### Task description
Exactly as written, set down each line of the data below except its pictures.

### Provided data

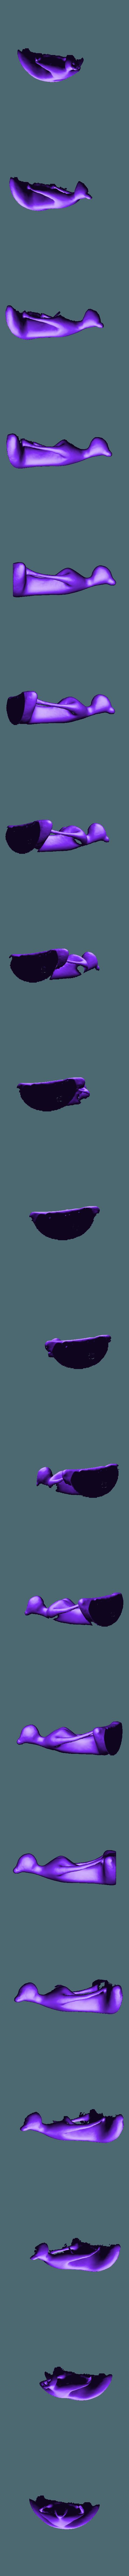 Zen_Sculpture.stl Download free STL file Zen / Yoga Sculpture • 3D printer template, spofff
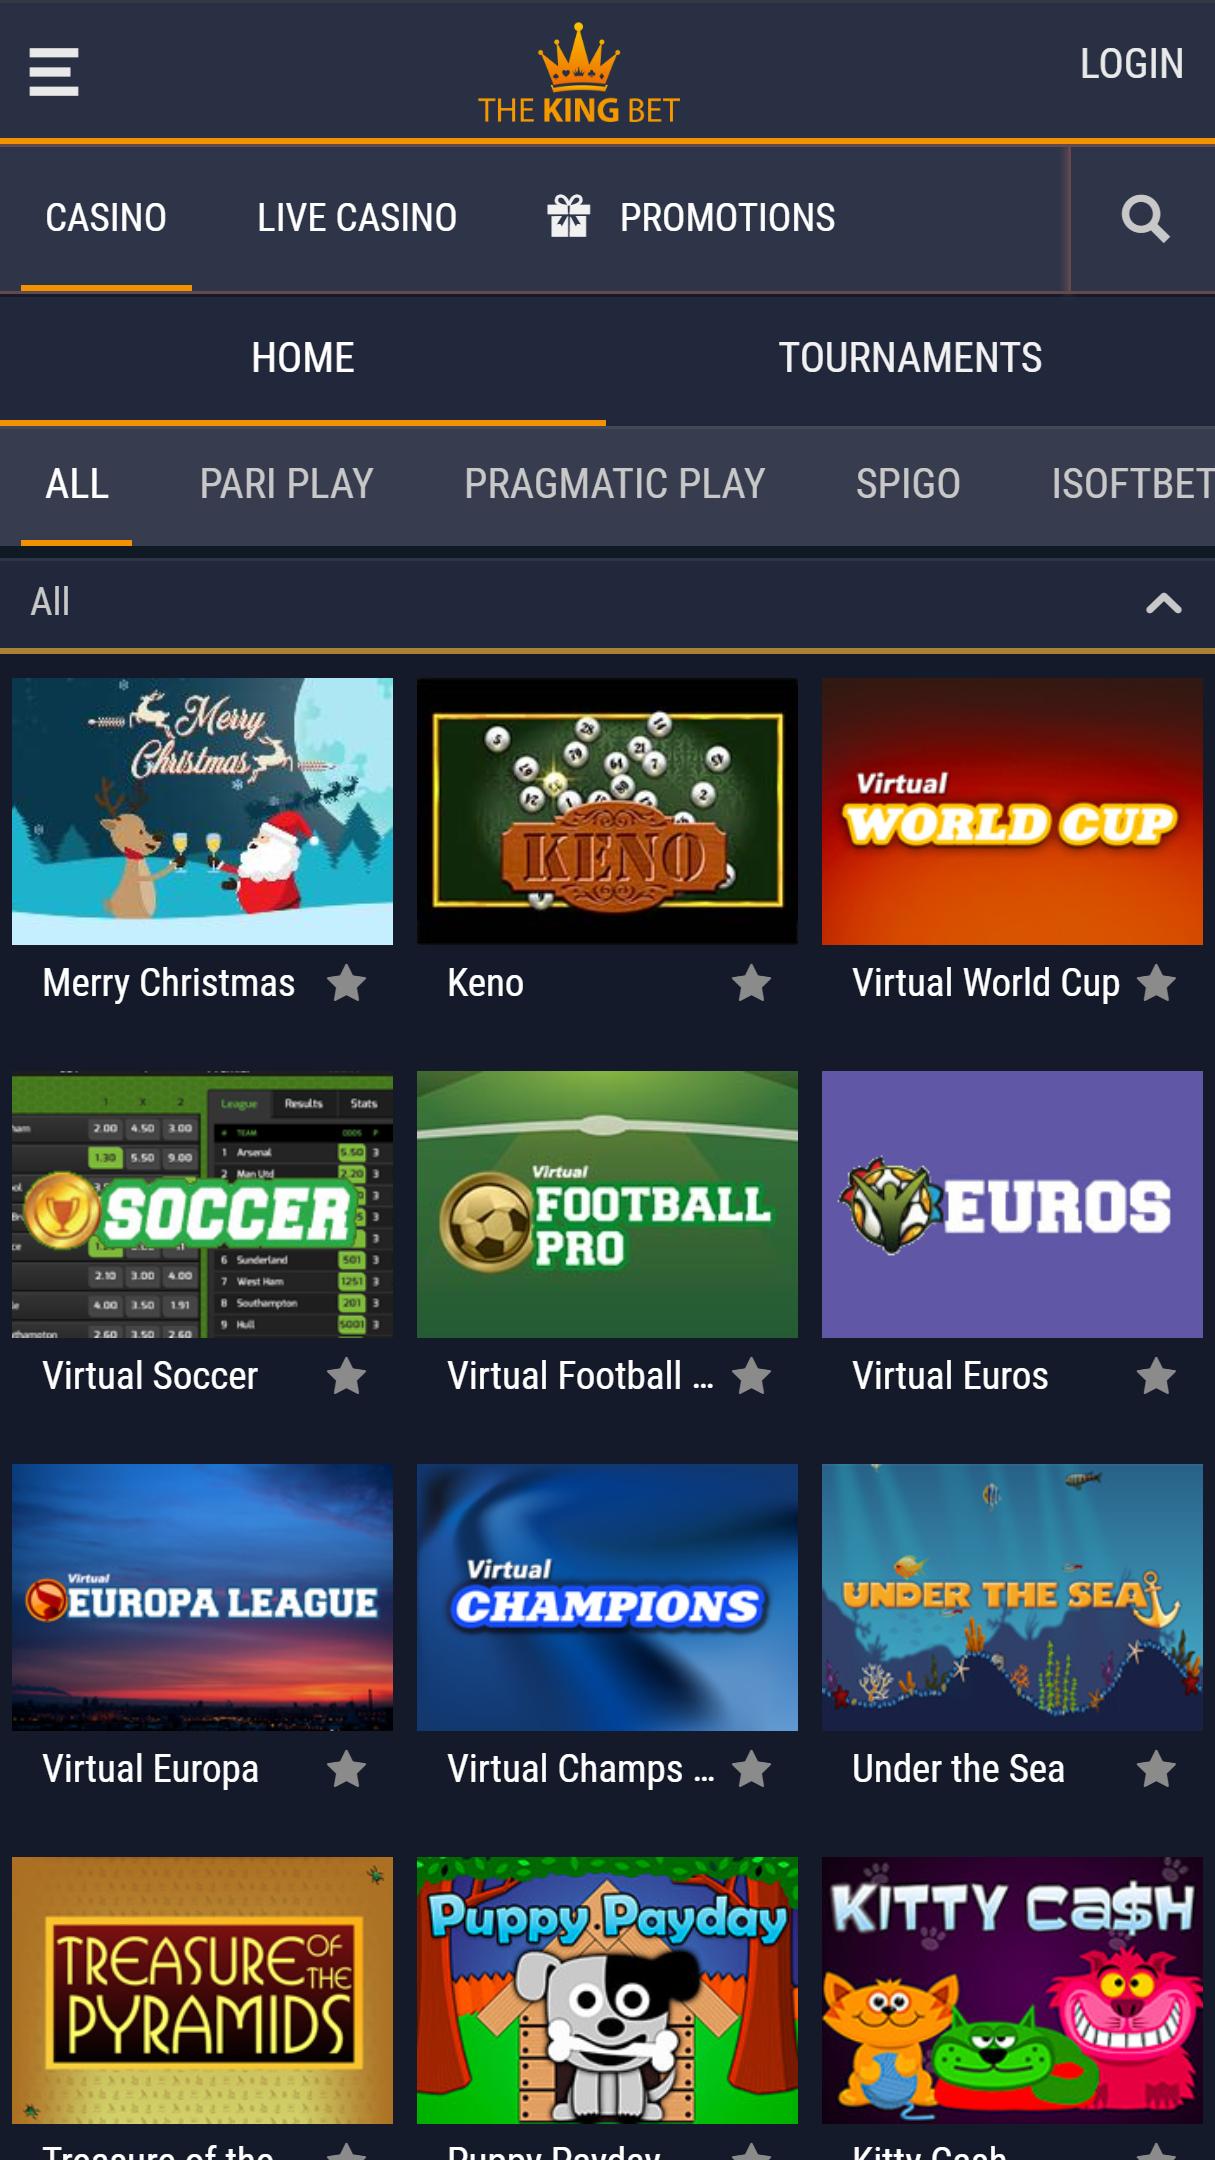 TheKingBet App Homepage
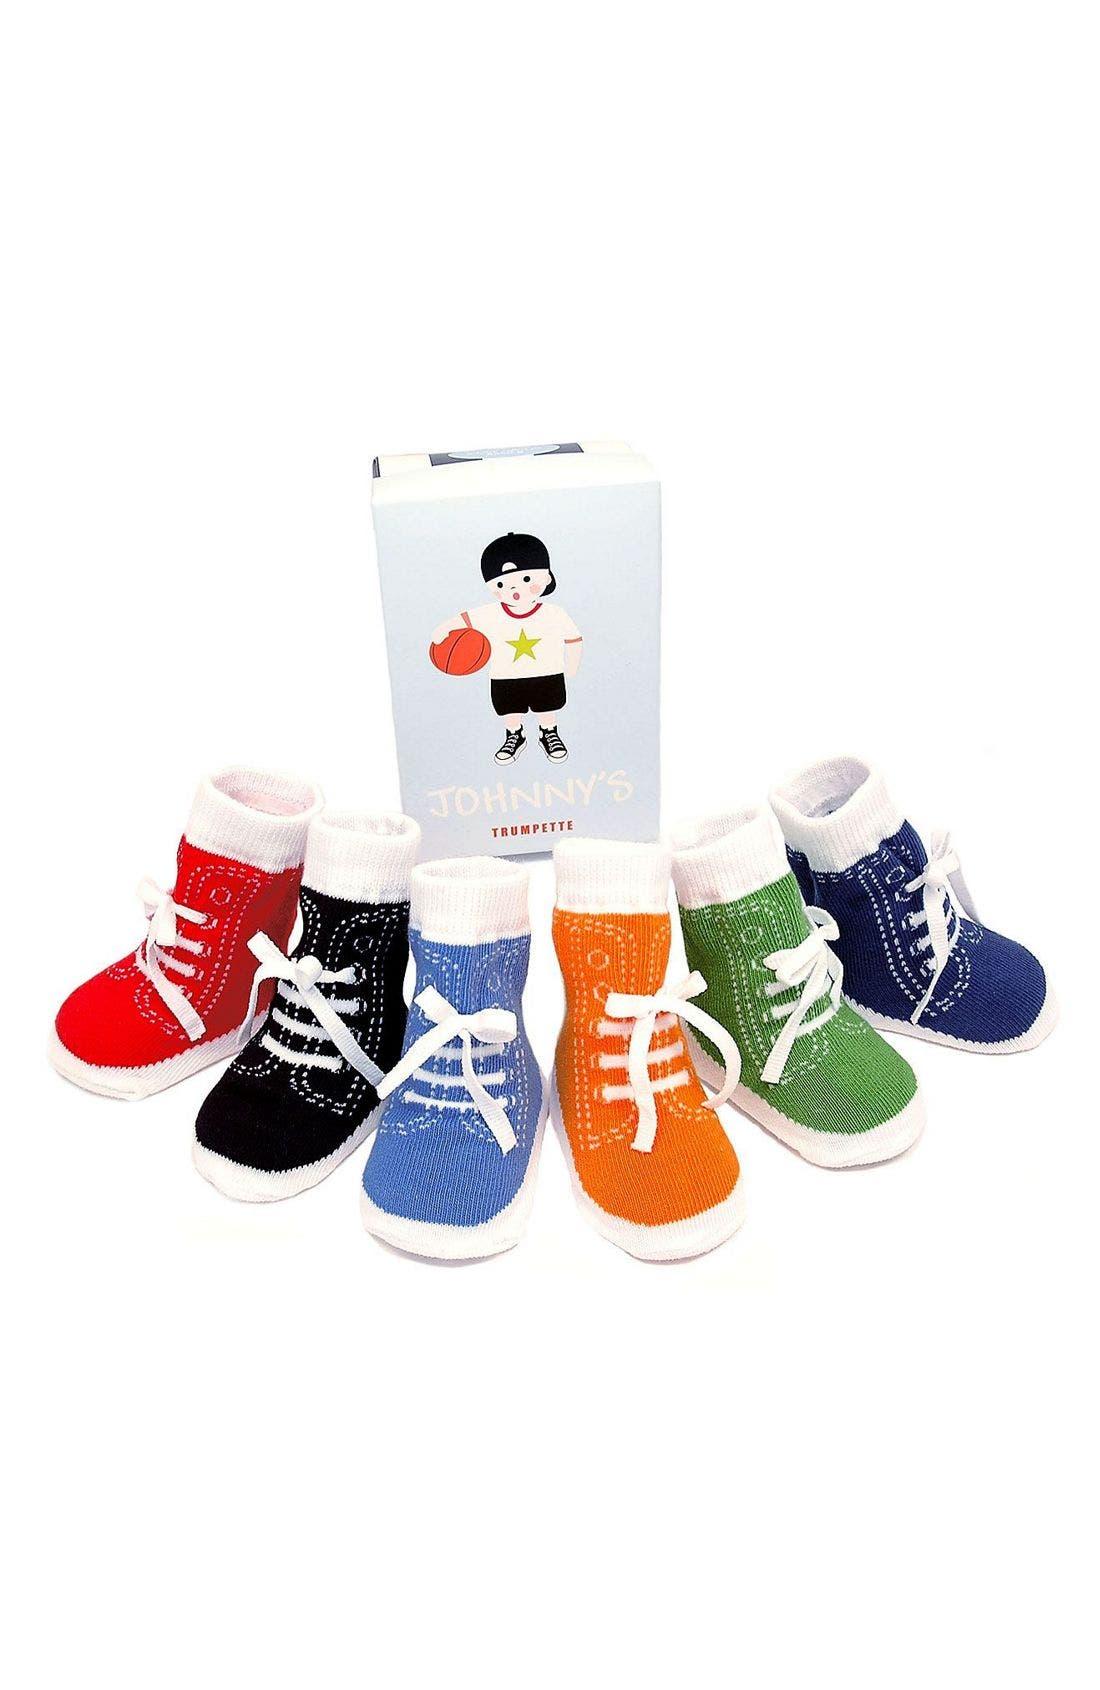 Alternate Image 1 Selected - Trumpette 'Johnny' Socks Gift Set (Baby Boys)

### Result of this task
 Zen_Sculpture.stl Download free STL file Zen / Yoga Sculpture • 3D printer template, spofff
 TheKingBet App Homepage
 Alternate Image 1 Selected - Trumpette 'Johnny' Socks Gift Set (Baby Boys)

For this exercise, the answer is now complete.